• [Task item]: Find every line in the entries that holds the string "Underwear" and report it.

• [Entries provided]:

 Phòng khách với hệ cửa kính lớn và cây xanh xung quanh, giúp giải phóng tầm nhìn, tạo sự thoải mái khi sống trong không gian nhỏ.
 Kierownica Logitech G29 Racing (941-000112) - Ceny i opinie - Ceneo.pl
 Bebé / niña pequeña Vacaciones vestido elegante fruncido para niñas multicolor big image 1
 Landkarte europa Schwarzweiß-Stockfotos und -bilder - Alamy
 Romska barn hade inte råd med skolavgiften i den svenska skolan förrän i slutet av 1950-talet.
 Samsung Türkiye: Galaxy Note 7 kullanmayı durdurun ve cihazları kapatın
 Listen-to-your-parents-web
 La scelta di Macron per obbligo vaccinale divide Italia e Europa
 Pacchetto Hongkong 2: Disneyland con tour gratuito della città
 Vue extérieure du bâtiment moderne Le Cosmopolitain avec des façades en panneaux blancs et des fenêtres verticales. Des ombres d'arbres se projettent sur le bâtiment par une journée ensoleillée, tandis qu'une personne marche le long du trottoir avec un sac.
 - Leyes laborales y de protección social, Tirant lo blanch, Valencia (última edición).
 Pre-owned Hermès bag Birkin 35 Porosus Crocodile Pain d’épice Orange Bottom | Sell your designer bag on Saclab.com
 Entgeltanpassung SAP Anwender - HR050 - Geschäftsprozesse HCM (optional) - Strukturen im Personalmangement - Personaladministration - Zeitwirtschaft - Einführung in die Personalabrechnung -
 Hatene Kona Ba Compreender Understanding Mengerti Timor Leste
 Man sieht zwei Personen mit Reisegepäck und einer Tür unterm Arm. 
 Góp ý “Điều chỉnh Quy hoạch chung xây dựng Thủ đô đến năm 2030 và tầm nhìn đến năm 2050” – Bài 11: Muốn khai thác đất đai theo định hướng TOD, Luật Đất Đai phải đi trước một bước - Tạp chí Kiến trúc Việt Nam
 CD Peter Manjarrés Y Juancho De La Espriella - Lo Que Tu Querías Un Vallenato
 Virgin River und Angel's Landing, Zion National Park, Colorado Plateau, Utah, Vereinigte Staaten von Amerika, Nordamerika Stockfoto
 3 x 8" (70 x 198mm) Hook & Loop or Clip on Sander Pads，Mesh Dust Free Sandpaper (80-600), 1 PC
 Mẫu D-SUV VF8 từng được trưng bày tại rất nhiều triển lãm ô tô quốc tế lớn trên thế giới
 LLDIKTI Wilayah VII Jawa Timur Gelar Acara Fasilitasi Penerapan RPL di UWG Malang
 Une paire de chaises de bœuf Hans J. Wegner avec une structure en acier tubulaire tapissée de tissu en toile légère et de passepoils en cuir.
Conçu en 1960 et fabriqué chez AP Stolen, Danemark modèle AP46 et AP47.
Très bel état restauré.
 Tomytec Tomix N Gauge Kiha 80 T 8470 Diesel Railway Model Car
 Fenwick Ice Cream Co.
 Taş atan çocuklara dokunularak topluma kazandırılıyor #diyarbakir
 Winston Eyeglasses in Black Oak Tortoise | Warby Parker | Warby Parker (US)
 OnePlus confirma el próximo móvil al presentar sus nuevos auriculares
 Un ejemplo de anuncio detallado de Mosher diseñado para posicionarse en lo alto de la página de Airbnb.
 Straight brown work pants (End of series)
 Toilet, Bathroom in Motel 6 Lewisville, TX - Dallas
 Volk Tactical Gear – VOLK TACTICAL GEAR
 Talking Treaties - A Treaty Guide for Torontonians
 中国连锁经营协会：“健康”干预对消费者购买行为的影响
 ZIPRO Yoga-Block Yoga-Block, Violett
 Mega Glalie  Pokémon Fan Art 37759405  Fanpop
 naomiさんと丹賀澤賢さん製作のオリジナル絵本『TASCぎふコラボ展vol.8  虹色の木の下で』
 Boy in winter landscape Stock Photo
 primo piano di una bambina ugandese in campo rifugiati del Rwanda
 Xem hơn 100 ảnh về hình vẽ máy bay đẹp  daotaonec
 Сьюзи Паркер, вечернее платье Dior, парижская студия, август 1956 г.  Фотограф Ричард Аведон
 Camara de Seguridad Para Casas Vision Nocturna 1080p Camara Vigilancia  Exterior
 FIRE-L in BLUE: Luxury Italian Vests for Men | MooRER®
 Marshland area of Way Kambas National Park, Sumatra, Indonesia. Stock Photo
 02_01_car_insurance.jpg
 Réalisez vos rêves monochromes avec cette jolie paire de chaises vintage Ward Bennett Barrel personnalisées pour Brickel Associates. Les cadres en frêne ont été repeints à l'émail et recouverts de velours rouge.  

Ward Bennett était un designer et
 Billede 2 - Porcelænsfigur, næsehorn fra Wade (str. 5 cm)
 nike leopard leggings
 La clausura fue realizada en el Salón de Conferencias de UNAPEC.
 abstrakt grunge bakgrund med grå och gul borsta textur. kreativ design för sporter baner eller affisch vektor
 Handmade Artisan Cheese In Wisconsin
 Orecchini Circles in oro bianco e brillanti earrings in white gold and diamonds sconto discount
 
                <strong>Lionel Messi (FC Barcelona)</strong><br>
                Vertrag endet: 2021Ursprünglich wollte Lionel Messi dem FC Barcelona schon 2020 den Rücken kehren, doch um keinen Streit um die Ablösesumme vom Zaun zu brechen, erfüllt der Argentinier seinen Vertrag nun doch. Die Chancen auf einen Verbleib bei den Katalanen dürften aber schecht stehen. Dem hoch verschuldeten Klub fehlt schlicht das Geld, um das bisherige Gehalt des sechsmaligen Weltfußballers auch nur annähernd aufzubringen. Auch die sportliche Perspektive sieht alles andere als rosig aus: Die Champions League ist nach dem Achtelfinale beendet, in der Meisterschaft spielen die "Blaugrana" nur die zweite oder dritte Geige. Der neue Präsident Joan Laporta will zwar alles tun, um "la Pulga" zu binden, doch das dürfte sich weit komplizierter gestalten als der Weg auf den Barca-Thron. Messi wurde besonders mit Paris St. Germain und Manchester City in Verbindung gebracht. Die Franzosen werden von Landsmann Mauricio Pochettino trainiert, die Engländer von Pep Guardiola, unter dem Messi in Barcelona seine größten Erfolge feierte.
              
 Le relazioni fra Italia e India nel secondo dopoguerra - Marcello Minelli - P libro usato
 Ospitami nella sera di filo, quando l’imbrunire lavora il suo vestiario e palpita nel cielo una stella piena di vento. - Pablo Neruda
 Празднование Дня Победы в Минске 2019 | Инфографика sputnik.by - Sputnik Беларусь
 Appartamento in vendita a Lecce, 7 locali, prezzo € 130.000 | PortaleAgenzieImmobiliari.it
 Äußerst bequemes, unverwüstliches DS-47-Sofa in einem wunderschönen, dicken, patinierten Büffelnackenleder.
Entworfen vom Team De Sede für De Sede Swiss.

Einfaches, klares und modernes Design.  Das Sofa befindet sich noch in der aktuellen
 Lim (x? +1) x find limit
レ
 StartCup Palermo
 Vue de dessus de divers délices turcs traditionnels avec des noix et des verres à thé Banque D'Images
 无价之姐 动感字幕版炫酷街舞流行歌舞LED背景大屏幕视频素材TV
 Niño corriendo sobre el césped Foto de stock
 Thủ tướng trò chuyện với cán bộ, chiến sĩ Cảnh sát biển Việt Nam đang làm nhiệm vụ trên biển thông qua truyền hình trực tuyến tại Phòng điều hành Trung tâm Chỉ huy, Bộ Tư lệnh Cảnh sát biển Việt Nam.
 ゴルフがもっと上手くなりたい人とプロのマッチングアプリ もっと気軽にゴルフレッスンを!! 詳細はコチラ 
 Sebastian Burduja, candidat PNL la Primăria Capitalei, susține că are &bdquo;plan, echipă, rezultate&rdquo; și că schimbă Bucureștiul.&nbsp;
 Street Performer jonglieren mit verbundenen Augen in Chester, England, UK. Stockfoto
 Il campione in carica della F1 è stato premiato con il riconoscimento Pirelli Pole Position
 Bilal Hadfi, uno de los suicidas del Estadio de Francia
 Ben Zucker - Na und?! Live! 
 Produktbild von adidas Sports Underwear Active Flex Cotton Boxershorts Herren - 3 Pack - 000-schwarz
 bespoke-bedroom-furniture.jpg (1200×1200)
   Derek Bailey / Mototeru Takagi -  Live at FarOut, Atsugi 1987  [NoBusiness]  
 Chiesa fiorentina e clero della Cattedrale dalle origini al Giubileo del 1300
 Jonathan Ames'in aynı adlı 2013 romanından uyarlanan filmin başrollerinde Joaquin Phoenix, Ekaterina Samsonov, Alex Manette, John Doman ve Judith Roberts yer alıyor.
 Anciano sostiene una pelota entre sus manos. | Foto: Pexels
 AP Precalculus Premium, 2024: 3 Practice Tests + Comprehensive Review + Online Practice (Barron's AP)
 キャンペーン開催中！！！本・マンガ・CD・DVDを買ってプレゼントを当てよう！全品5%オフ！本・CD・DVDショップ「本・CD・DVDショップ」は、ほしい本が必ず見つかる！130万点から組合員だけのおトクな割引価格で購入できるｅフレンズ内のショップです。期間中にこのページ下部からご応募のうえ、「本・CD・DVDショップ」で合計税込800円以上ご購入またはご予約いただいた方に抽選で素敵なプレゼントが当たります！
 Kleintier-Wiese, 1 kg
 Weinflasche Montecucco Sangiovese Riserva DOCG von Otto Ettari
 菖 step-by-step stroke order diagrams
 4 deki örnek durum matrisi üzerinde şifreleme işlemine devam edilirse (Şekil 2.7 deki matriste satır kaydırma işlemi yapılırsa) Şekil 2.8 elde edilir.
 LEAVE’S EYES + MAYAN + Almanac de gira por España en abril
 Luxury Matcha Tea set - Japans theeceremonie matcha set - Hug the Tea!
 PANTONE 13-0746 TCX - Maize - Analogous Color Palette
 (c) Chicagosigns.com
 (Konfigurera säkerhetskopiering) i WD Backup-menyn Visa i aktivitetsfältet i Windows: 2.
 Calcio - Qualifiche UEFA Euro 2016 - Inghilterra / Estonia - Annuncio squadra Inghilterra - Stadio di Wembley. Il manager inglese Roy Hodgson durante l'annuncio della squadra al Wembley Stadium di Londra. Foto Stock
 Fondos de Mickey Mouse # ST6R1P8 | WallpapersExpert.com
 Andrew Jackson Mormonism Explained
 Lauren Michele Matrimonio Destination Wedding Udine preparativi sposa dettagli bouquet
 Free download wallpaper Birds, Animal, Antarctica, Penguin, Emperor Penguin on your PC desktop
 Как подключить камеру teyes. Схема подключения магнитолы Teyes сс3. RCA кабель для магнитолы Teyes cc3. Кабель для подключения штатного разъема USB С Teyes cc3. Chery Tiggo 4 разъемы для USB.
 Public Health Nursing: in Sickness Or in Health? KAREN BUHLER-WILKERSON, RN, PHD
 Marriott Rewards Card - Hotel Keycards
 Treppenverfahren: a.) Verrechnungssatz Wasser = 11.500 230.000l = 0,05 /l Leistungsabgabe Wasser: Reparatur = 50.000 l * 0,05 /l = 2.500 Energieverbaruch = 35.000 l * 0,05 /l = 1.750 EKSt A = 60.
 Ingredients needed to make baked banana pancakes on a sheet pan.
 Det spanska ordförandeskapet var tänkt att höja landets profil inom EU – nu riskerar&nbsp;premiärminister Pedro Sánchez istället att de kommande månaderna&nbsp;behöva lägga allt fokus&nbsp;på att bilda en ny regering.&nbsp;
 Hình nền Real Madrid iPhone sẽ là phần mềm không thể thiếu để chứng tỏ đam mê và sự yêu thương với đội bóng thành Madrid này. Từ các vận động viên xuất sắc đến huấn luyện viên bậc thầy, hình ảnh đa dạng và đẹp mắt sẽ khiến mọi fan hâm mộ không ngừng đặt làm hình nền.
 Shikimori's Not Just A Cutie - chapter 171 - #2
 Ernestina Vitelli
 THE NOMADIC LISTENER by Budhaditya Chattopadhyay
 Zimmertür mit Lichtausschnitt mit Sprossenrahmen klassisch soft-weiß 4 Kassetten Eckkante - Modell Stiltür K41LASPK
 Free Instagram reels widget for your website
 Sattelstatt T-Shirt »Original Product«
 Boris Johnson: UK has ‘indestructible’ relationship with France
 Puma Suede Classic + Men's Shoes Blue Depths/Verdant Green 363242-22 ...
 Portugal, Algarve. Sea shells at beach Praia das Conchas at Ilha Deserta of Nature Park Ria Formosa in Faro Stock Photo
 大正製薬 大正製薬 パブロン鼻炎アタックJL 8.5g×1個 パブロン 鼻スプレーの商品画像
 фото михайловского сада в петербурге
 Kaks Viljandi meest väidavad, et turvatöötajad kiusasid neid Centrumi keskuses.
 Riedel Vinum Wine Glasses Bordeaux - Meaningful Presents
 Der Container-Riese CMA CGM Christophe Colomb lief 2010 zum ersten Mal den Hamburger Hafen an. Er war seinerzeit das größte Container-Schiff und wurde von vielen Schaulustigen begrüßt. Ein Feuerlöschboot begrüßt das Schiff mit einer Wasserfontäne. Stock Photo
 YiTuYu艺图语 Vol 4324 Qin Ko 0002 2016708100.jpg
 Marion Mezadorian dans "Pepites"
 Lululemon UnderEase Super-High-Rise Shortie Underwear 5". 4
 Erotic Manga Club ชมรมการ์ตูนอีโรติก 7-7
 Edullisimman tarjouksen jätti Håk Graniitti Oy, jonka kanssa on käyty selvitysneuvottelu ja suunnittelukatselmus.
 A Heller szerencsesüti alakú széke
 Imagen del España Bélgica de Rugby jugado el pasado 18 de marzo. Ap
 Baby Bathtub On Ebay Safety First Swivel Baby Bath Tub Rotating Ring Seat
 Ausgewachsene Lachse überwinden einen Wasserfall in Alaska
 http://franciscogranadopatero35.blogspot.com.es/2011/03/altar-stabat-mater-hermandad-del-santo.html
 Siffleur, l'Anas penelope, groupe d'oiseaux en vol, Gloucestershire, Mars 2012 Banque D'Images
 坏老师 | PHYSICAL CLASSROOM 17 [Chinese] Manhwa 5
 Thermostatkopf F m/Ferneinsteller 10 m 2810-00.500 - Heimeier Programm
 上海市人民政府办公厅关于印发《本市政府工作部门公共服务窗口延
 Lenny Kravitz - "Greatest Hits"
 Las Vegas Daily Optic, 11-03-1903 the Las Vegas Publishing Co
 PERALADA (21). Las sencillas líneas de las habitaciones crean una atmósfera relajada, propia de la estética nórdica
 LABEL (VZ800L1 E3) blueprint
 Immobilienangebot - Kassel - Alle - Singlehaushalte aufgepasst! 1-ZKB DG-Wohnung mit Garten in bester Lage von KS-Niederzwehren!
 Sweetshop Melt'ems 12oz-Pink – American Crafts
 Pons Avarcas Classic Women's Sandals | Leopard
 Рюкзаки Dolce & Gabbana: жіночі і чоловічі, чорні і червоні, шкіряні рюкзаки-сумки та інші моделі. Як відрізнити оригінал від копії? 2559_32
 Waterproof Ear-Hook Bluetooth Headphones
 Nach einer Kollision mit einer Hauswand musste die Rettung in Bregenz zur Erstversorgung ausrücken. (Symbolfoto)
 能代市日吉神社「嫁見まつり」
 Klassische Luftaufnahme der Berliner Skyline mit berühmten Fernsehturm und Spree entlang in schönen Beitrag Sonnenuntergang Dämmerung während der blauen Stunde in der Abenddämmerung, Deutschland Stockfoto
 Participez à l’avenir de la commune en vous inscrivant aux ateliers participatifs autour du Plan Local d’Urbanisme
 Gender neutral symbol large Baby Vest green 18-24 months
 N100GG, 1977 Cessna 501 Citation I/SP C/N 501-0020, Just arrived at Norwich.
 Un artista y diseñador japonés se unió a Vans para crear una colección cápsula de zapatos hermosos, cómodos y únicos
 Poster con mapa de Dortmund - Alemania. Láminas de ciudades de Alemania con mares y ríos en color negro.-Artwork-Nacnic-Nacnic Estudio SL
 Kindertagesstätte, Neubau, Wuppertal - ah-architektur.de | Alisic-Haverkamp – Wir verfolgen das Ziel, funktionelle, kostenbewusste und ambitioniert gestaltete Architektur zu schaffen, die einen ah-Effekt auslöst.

• [Response box]:
 Produktbild von adidas Sports Underwear Active Flex Cotton Boxershorts Herren - 3 Pack - 000-schwarz
 Lululemon UnderEase Super-High-Rise Shortie Underwear 5". 4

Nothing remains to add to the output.